Once you find the line with "Model wearing Faherty's" in the data below, transcribe exactly each line from there to the line with "Black Cubans in the United States", inclusive, and nothing else. Drop the pictures.

▶ [Material provided]

-=-=-=-=-

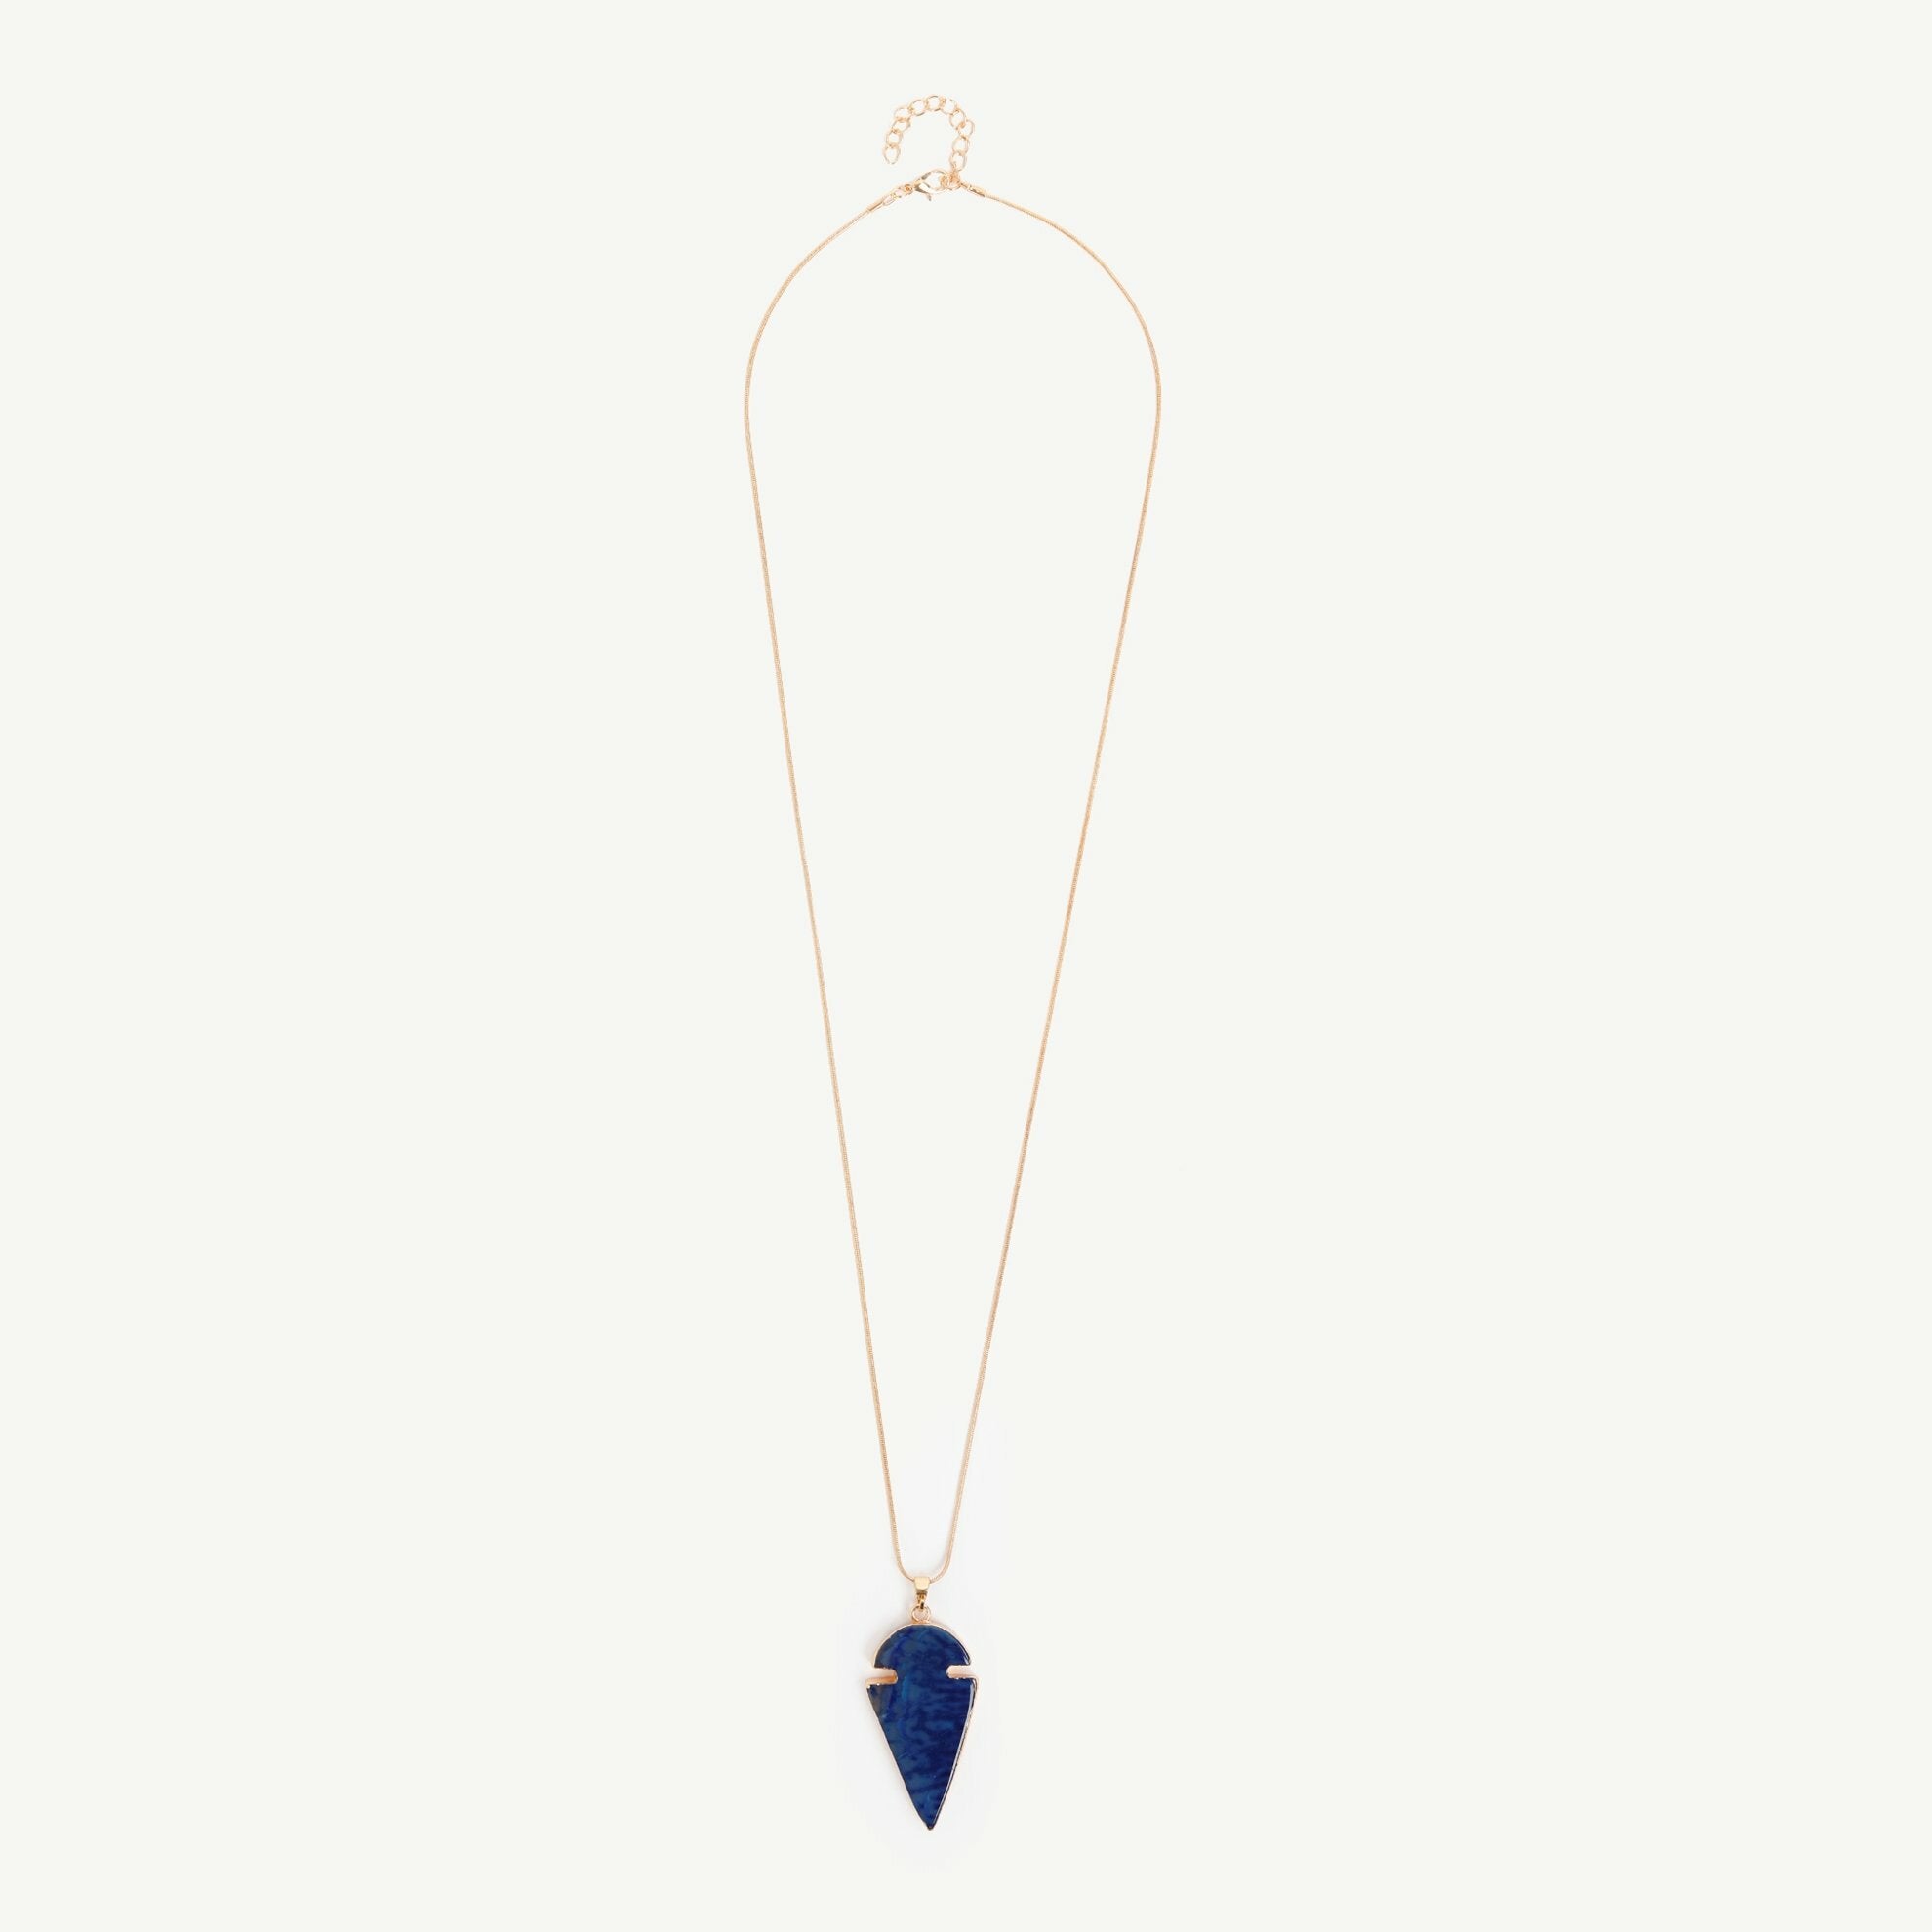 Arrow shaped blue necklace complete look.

-=-=-=-=-

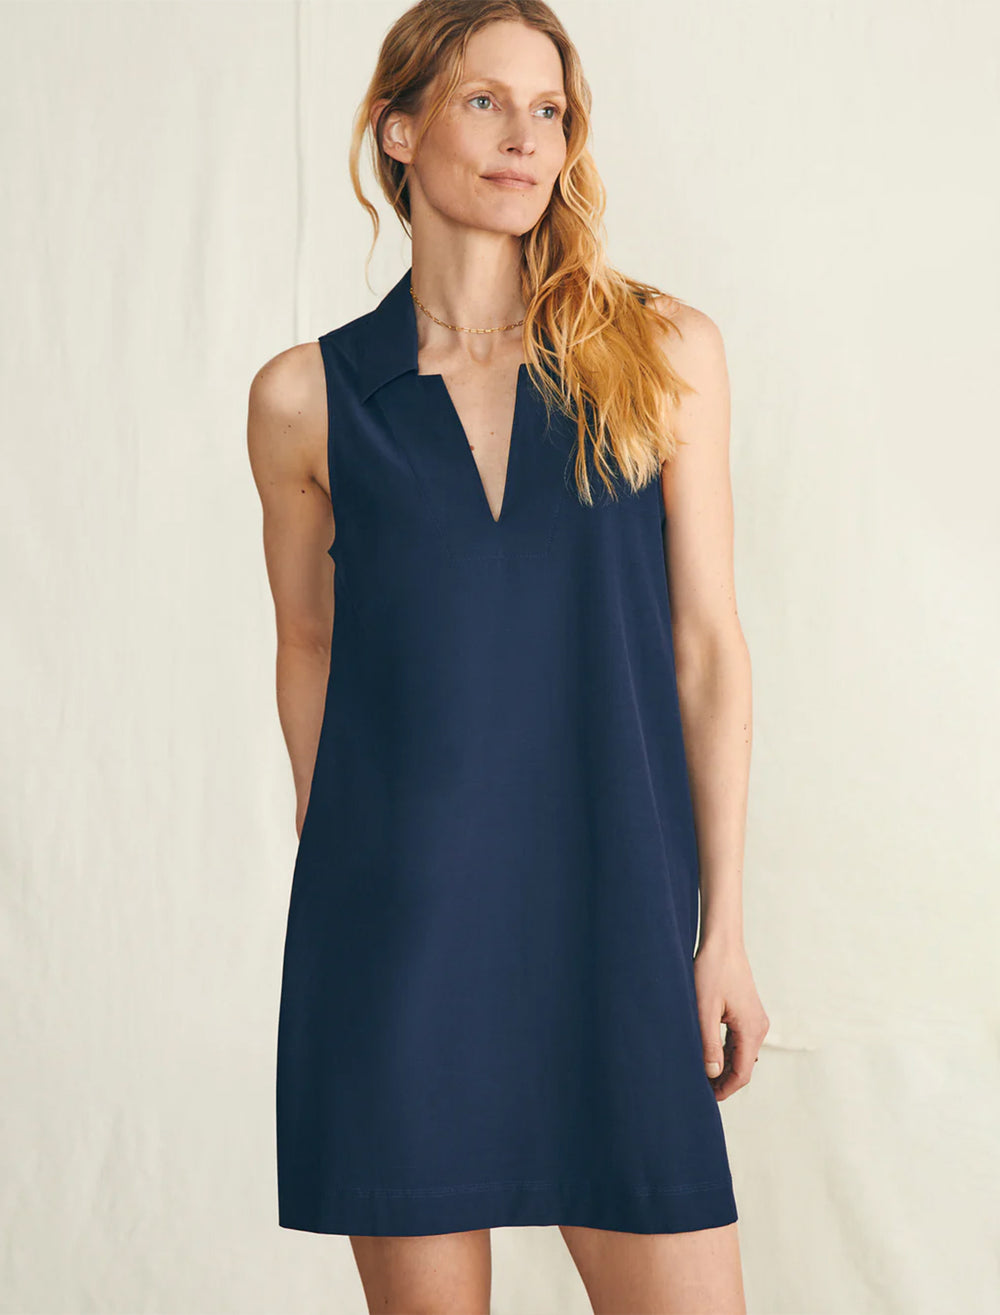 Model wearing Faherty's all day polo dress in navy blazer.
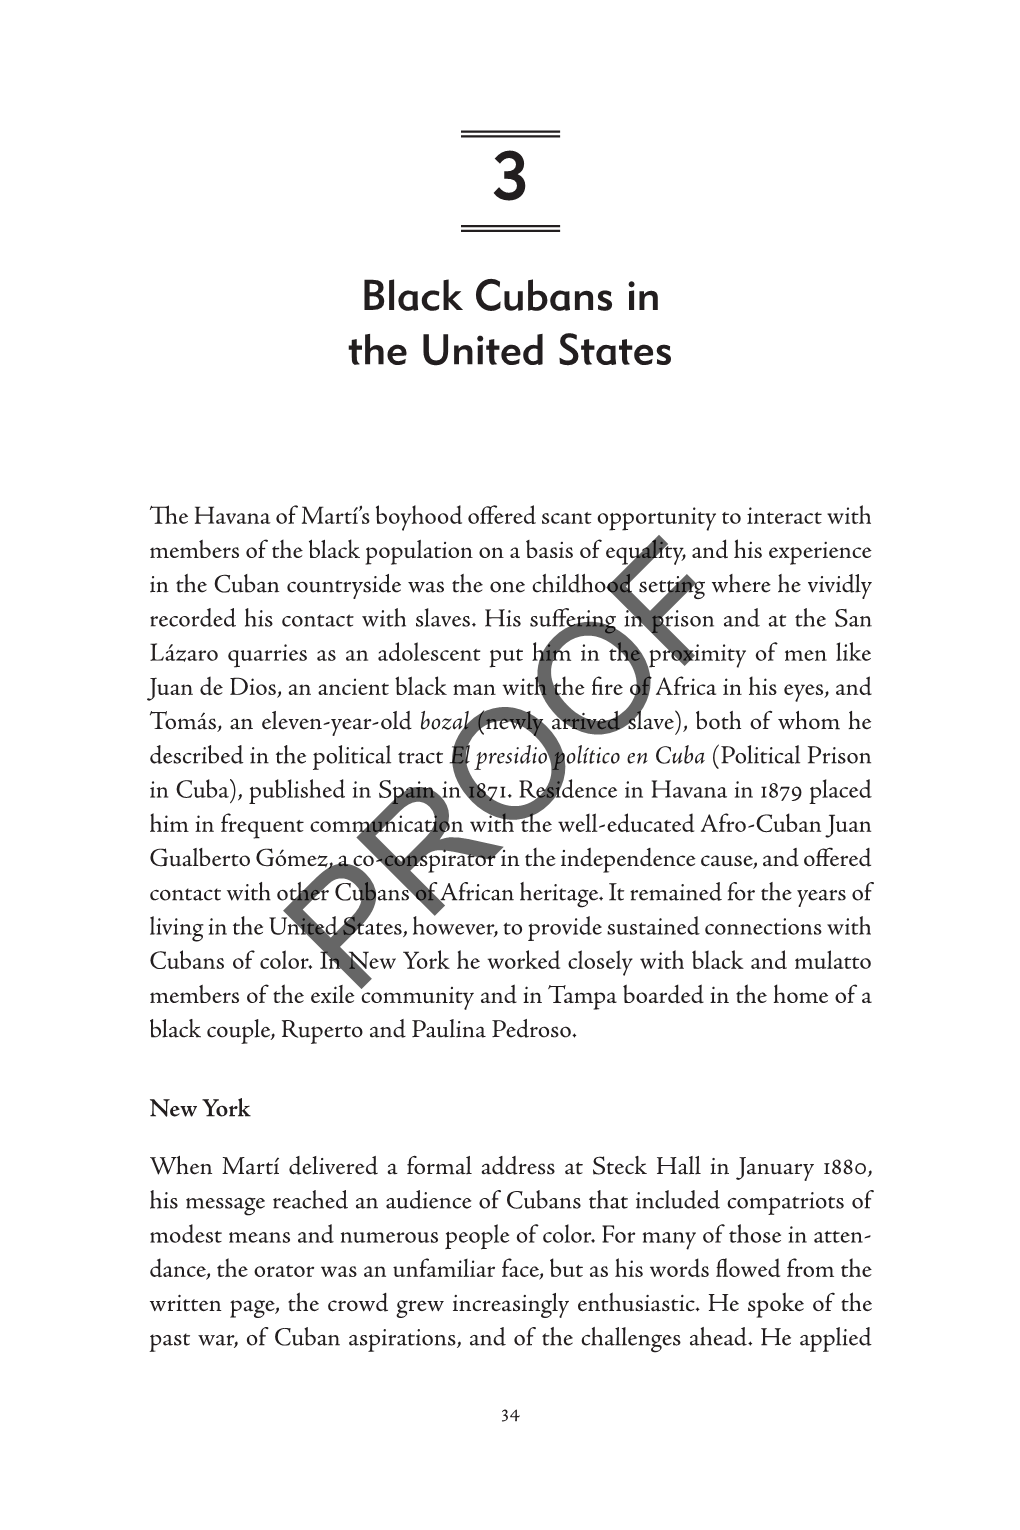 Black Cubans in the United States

-=-=-=-=-

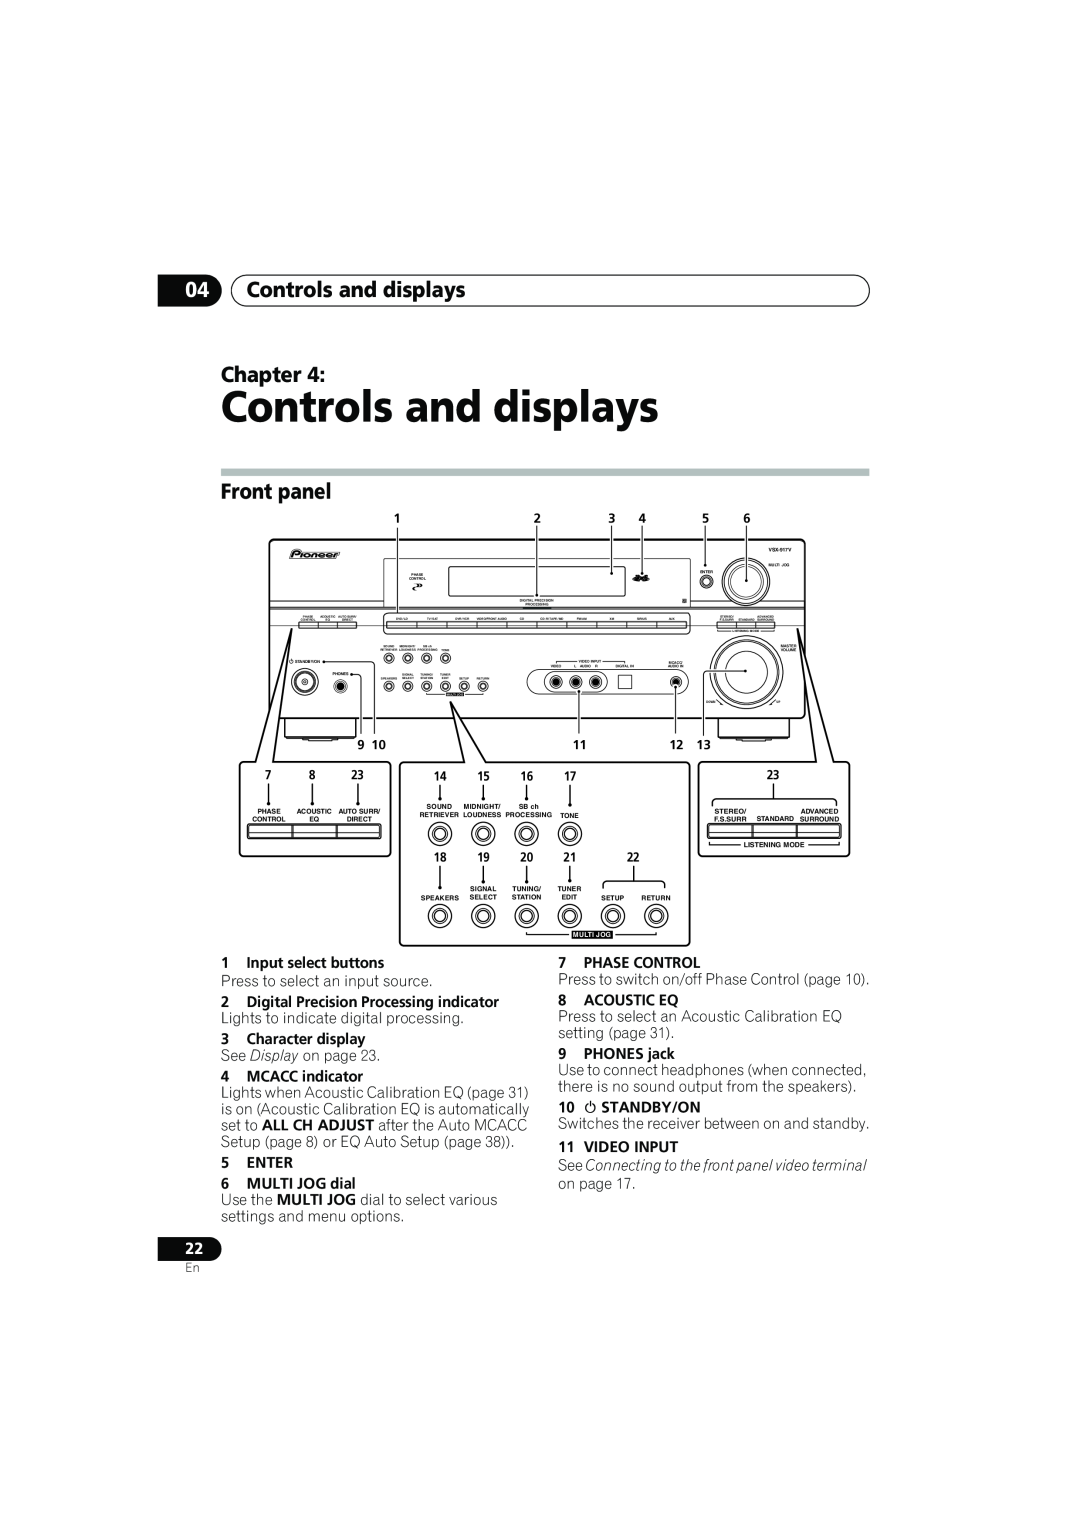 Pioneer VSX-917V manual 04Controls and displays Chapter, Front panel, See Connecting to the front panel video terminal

-=-=-=-=-

▶ [Completed exercise]
 Model wearing Faherty's all day polo dress in navy blazer.
 Black Cubans in the United States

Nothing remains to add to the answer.